CubiCasa5K Experiments. In the present experiment utilizing the CubiCasa5K dataset, some original room types and icon types are coupled so that our targets cover altogether 12 room and 11 icon classes (see the chosen classes in Table 4 and further details from the project website). As for other details, the network contains the same heatmap regression layers and is trained using the same objective as in the previous experiment. However, the following adjustments to the training scheme were done: We started the training with the pretrained weights as a result of the previous experiment using ImageNet, MPII, and Liu et al. [13] datasets. We trained the first 100 epochs with the same augmentations given in Sect. 5.1. After that, we continued training with the best weights up to that point (according to the losses on the validation set) by first initializing optimizer parameters to their starting values and then dropping the augmentation that resizes the image to 256 \(\times \) 256. We then trained the network for 400 epochs which resulted in convergence.

Following the common practice in the art of semantic segmentation [14, 20], we report the results using three evaluating metrics, namely the overall accuracy indicating the proportion of correctly classified pixels, and the mean accuracy for the proportion of correctly classified pixels averaged over all the classes. Finally, we report the mean intersection over union (IoU) which indicates the area of the overlap between the predicted and ground truth pixels, averaged over all the classes. We further report the results with respect to the raw segmentations and polygonized (P) instances, i.e. after the post-processing step. We take a different approach to [13] for model evaluation as we believe the problem of floorplan parsing is very close to the problem of semantic segmentation.

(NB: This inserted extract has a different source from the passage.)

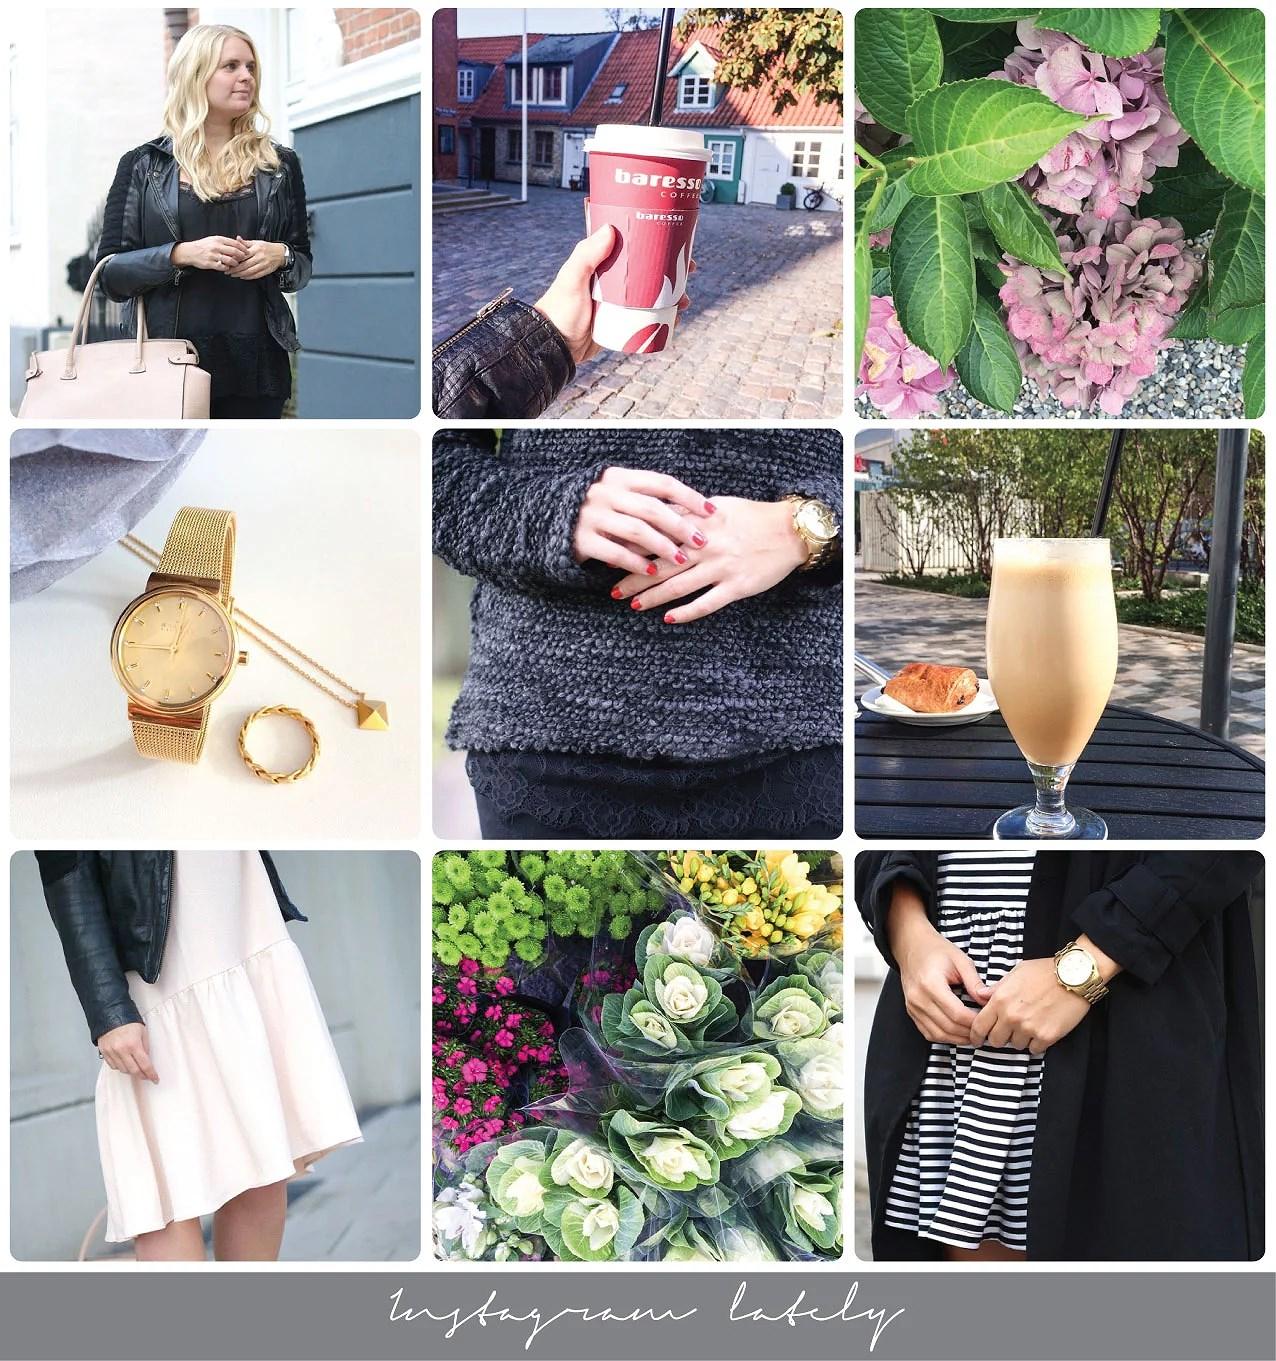 Modeblog, Instagram

We report the performance with respect to described metrics in Table 3. According to the results, the raw segmentation test scores are clearly better than the ones based on polygonized segmentation instances. The main reason is that if wall or icon junctions are missed or are not correctly located the polygons can not be created regardless the quality of the segmentation. In Table 4, we further report the class-specific IoUs and accuracies with respect to all room and icon classes used in this study. Figure 1 illustrates an example result from our pipeline.

Table 3. Evaluation results of the CubiCasa5K dataset.
Table 4. Class-specific results on the CubiCasa5K dataset.

6 Conclusions

In this paper, we have proposed a novel floorplan image dataset called CubiCasa5K. Compared to other existing annotated floorplan datasets, our dataset is over 5\(\times \) larger and more varied in its annotations which cover over 80 floorplan object categories. Together with the novel dataset, we provided baseline results using an improved multi-task convolutional neural network yielding state-of-the-art performance.

For future directions, we plan to integrate the object detector used in [6] as one of the tasks into our pipeline. It would be also of interest to try the method of [1] to directly infer floorplan elements as polygons.